As one observes, the lady of justice seems no longer blind but winks her eye to those who are wealthy, those who are powerful, and the balance she holds seems to tilt in favour of the side of the influential. The common man is left standing at the gates of justice with a begging bowl which is seldom filled. For years and decades, the common man waits and sometimes the bowl remains empty but only with a promise that the next day of hearing may fill the bowl. The date goes on and on and the most available result in our courtrooms seem to be ‘the next date’ only, some say that the ‘balance’ weighs on the side of power, of influence and corruption, of paisa.

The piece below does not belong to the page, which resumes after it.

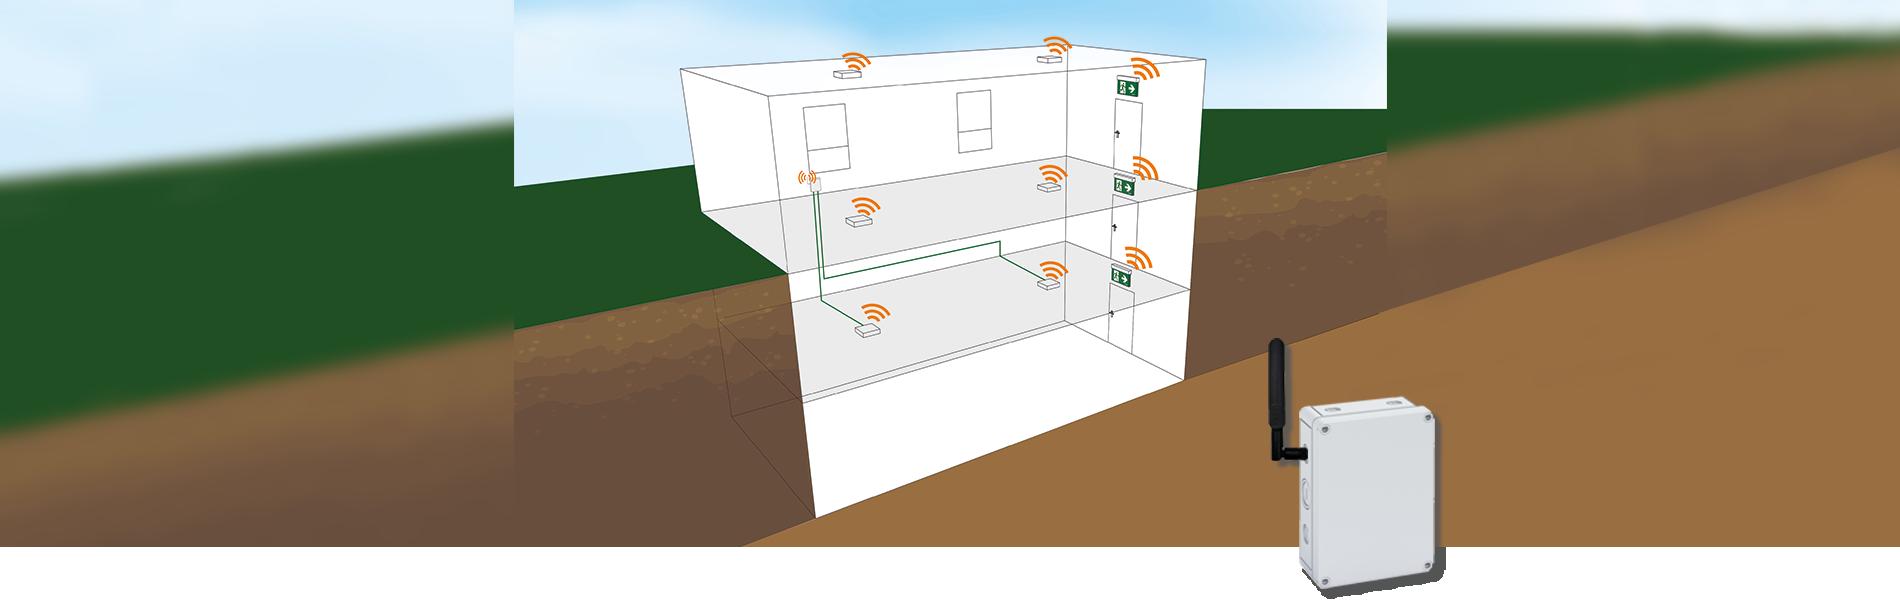 Skizze Gebäude mit Range Extender

Let legal jargons be another thing alien to the layman and his shouts for justice may seldom be heard. Let us come back to Murugun, If one cannot understand the beauty of Mozart’s symphony, if one is not able to understand Freudian concepts, if one is not able to understand the Einstien theory of relativity, if one is not able to appreciate a Picasso painting, is that the fault of the person who drew the masterpiece or the person who fails to appreciate them all. The order of the court seems to imply that Murugan is at fault because he wrote in a manner that was not comprehensible to many. And perhaps that it would be better if Murugan wrote in a language like any layman, like film star Rekha or rather her fan page update. The court seems to focus on simplicity and that sarcasm and satire are incomprehensible to many.
Now if one does not understand Shakespeare, what is his or her fault? He wrote and dramatized inspiring stories during the European golden age of literature. So, if the court’s order is akin to stating that Shakespeare is at fault as the common man failed to understand his plays, then what an observation it was! One is at a loss for words here. So, if one is to learn satire and sarcasm as per the judge’s observation, pray tell where one can learn to be Shakespeare? Satire and sarcasm are artistic traits and an inborn quality like being a comedian. One can try being a comedian but when the audience is not laughing, it would be obvious that the man has no gift of the gab or talented sense of humour. He should consider changing his occupation.
Similarly, a judge’s observation and judgment may not be as expected and it is the right of the individual to say that the observation does not sit well with him, or perhaps one may be lost in interpretation like the public, like the club of Mongsangei on Murugan’s harsh take on reality. The judge should hold true to his observation that the public is not to blame but the person who do not know how to write satire is, similarly one may not know the judicial translation of a judge’s order and we are the public and cannot be blamed if we are lost in translation also. At the very least, we will say “can I English you”?